Современный мир более НЕТ. Созидательное, верующее, святое ДА дается ему с трудом. Как можно исцелить его? Определенно ясно лишь одно: для победы решительного, святого ДА ему вновь придется бороться, а возможно, и страдать! Ибо, действительно, кто есть человек, который ничего не исповедует? Что наше сердце без живого, истинного вероисповедания? Чем было бы сегодняшнее человечество и его культура, если бы оно две тысячи лет тому назад не признало христианство?!...
Что могут люди без верности? Что удается без верности? Ничего. Но нынешний мир мало что хочет знать об этом. Он славит корыстный произвол; он ослабляет все связи; он жаждет освобожденного человека. Он лишен верности и не замечает ее отсутствия. Всеобщее освобождение от оков, всеобщее взаимное предательство ведут человечество к гибели.
Все великое заложено глубоко; оно зреет медленно; требует людей с глубокими чувствами и твердой волей — людей, имеющих потребность в окончательной крепости своих убеждений и чувствующих себя только тогда хорошо, когда знают, что их поддерживает верность. Скоро возникает лишь неполноценное; зато оно и живет недолго, как бабочка-однодневка, и оно незначительно, как сметенная пыль. Великая идея — глубокие раздумья — долгие усилия — истинная верность: это единая цепь предпосылок, на которых зиждется все творчески-великое как в жизни народа, так и в духе отдельного человека.
Как просто и точно звучат вот эти слова: «Я остаюсь тем, кто я есть; я буду любить то, что привязало мое сердце; и я буду действовать так, пока моя грудь будет подниматься от дыхания жизни». Кажется, как просто ведет себя верность! Однако она — редкий гость на земле. Почему?
Потому что верность идет изнутри и предполагает цельность души; но современный человек склонен к распылению, рефлексии, резонерству, ко всеотрицающему критиканству.

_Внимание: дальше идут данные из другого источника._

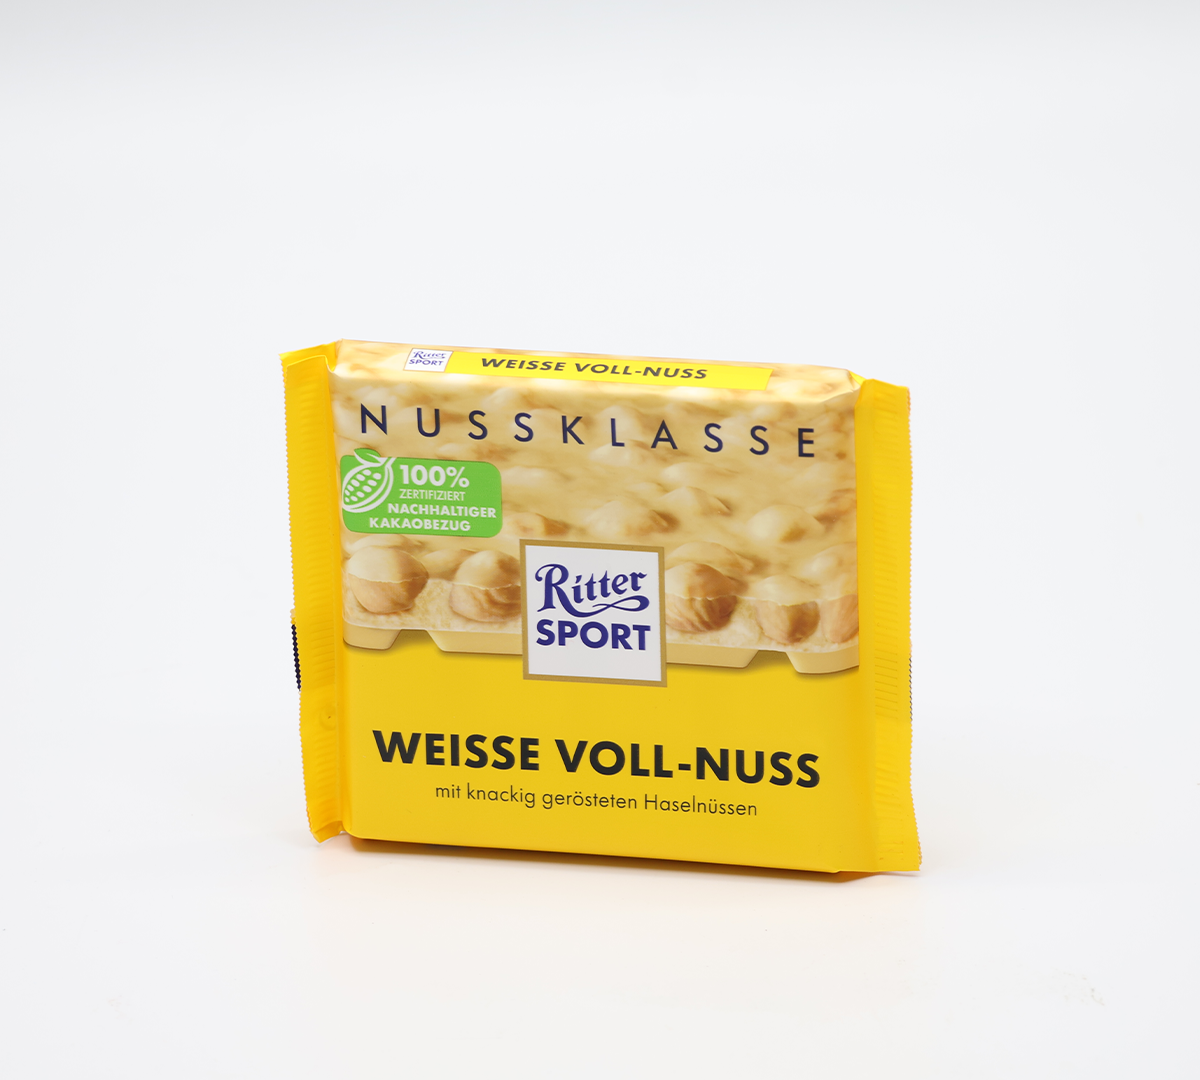 Ritter Sport White Chocolate with Whole Hazelnuts (Weisse Voll Nuss) 100g

Если человек целен, он обладает одним-единственным духовным центром, который и определяет его жизнь; тогда он склонен к верности. Если же он распылен, в нем наличествуют несколько состязающихся друг с другом и потому бессильных «центров», между которыми он колеблется и которые постоянно обессиливают и предают друг друга. Но верность — это то душевное единство, та духовная «тотальность», из которой рождается внутренняя уверенность верного.
Чтобы быть верным, надо что-то любить; то есть надо вообще уметь любить, а именно безраздельной полной любовью. Эта любовь и определяет человека. Она привязывает его к любимой ценности, и верность таким образом есть приверженность ценности. Кто ничего не любит, тот, неприкаянный, порхает, ничему не верный, все предающий. Кто действительно любит, тот «.не может иначе»: в нем властвует внутренний закон, святая необходимость. Не то чтобы эта необходимость была ему в тягость или закабаляла его: нет, но он и не хочет иначе, он ничего другого и не желал бы и не мог. Эту необходимость он воспринимает как нечто избранное им и желанное: как самоопределение, как истинную свободу. Она для него легка и «естественна»; и он несет и свою верность, как единственную и естественную возможность своей жизни...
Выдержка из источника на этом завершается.